Date: 28 Nov 2006 05:49:49 PM
Object: News: The Health Risks of Prayer
Improbable research
Is nothing sacred?
http://education.guardian.co.uk/egweekly/story/0,,1958067,00.html
Marc Abrahams
Tuesday November 28, 2006
The Guardian
He who prays fervently courts danger - neurological danger.
"This stark fact has only recently been reported to the public, in a
study published by five neurologists at Christian-Albrechts University
in Kiel in Germany. But fear not - the risk for any particular
individual is low. In the recorded history of the world, the
physicians try to assure us, this is probably the very first case.

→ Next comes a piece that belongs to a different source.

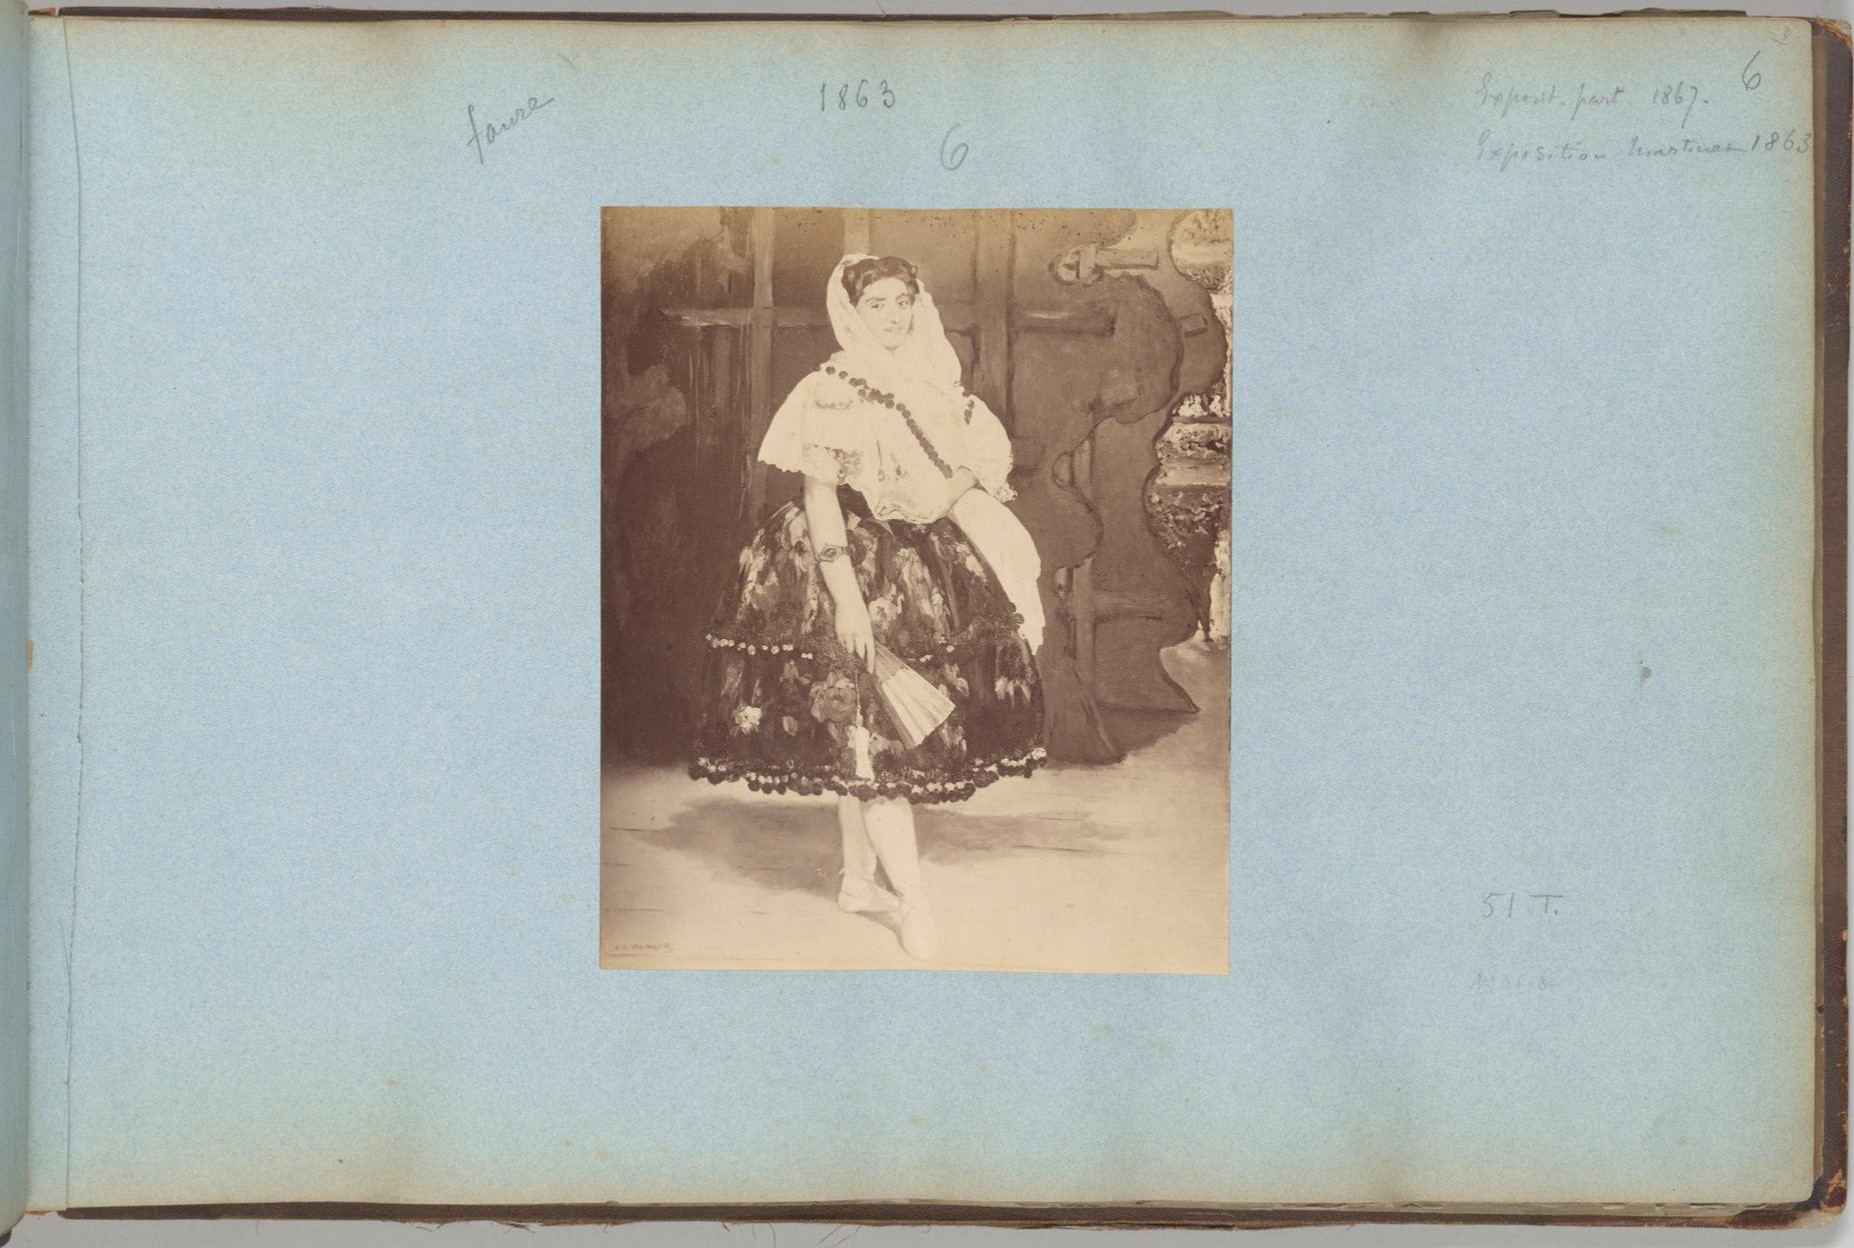 “Albumen photograph of Manet’s painting, Lola de Valence mounted on the blue pages of an album with annotations.”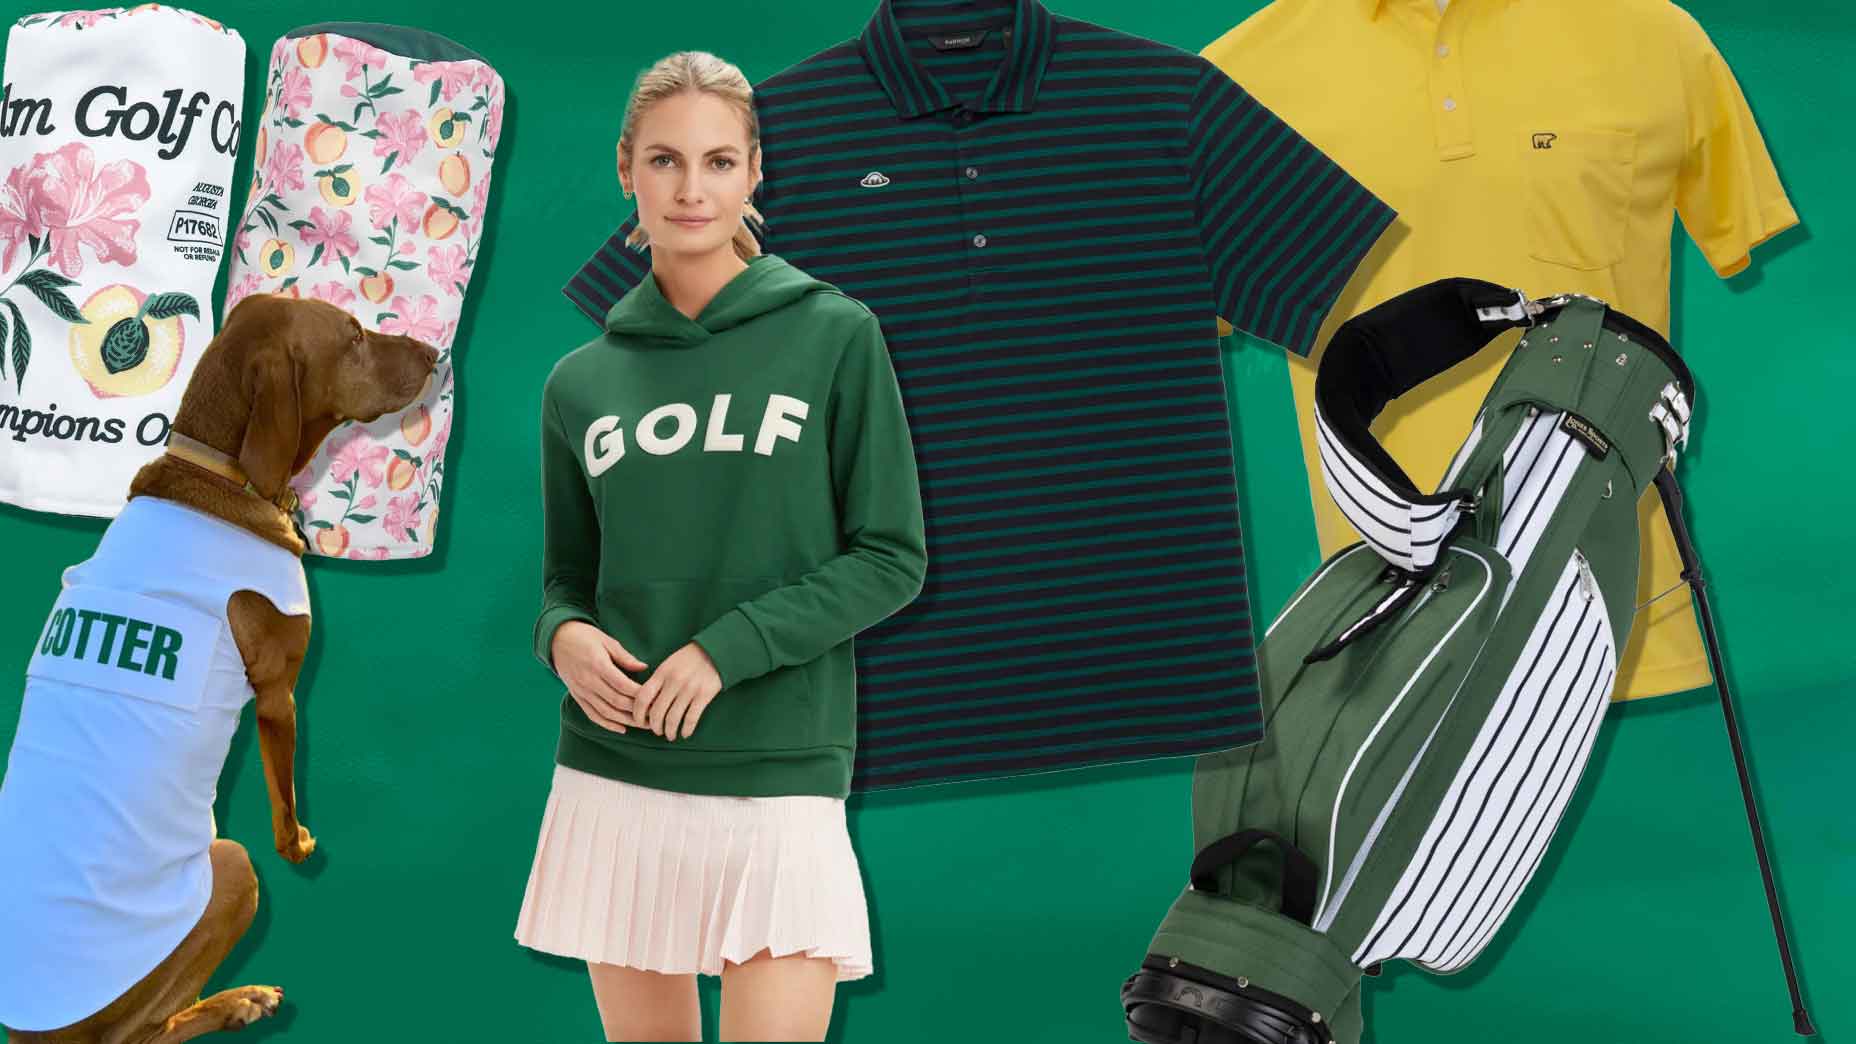 Shop this cool Masters-ready gear from Fairway Jockey

Perhaps to avoid inciting jitters among the devout, perhaps due to
worries about inter-cultural tensions, or perhaps merely through
professional tradition, the doctors couch their tale in dry,
medico-lingo-laced language:
"We report on an unusual presentation of a task-specific focal
oromandibular dystonia in a 47-year-old man of Turkish descent. His
speech was affected exclusively while reciting Islamic prayers in
Arabic language, which he otherwise did not speak."
The problem - involuntary jaw muscle twitching - had been cropping up
for two years. It occurred only when the man recited the Arabic
prayers he had been using since childhood, never at other times. It
would cease right after he finished praying.
An extensive battery of tests showed him to be otherwise in good
neurological, muscular, and dental health.
The doctors came up with a simple, fairly effective fix: they had the
man touch himself on the jaw. Usually, this interrupted the spooky jaw
gyrations.
You can watch a short video of the poor fellow; the doctors put it
online at www.mrw.interscience.wiley.com/suppmat
This general kind of problem is called "focal dystonia". It's the
involuntary fluttering of muscles that one ordinarily controls
masterfully. It arises, somewhat mysteriously, in a few
extraordinarily unlucky people who perform "a highly stereotyped and
frequently repeated motor task". It's what happens in writer's cramp,
and in the eyelid twitching known as blepharospasm, and very
occasionally in certain specialised professions. Doctors have seen it
in pianists, tailors and assembly-line workers. But never before in
someone whose repetitive action consisted only of saying prayers.
The doctors, Tihomir Ilic, Monika Pötter, Iris Holler, Günther
Deuschl, and Jens Volkmann, appear to have been surprised - and
possibly a bit delighted. They bestowed upon this condition the name
"praying-induced oromandibular dystonia".
And digging through medical histories, they did find one earlier case.
It happened in England in the early 1990s. The doctors (NJ Scolding of
London and four colleagues) involved in that case later published an
account:
"A 33-year-old right-handed agricultural auctioneer first noticed
involuntary deviation of his jaw to the right developing while
auctioneering ... Further attempts to conduct auctions met with an
inevitable recurrence of his symptoms, usually after two to three
minutes of speaking, and eventually he had to move to a clerical job."
Those doctors, like their later German counterparts, suffered the
involuntary fluttering of heart and mind that is triggered by the
beckoning finger of fame. They concocted a new piece of medical
jargon. Thus did the term "auctioneer's jaw" enter medical literature.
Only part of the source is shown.